EXERCISE ▸ Instruction for the data below: set down exactly the lines from the line with "size 40 41302" to the line with "for Kitchens kurilladesign.com", inclusive, and no others.

RECORDS FOR THE EXERCISE ▸
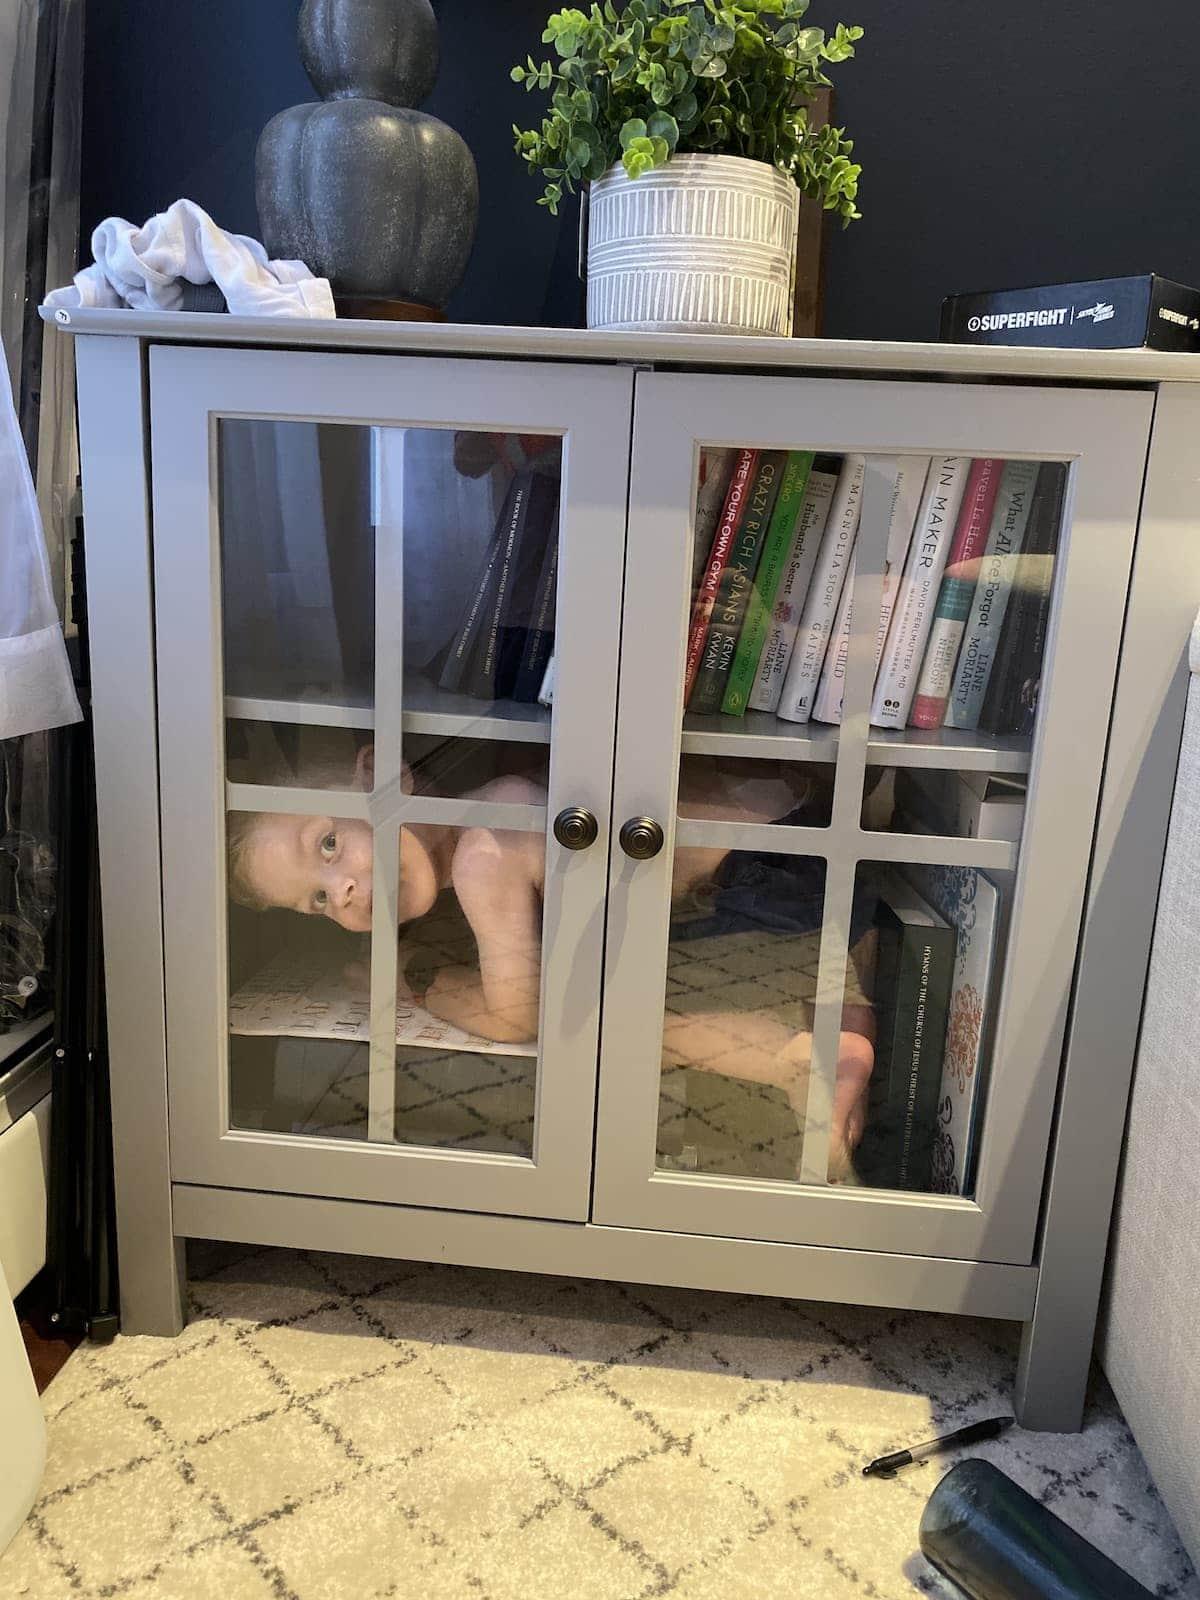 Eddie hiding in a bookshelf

* * *

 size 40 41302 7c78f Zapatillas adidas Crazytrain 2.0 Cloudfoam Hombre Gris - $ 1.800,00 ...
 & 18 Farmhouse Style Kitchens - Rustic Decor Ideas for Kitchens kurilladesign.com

RESPONSE ▸
 size 40 41302 7c78f Zapatillas adidas Crazytrain 2.0 Cloudfoam Hombre Gris - $ 1.800,00 ...
 & 18 Farmhouse Style Kitchens - Rustic Decor Ideas for Kitchens kurilladesign.com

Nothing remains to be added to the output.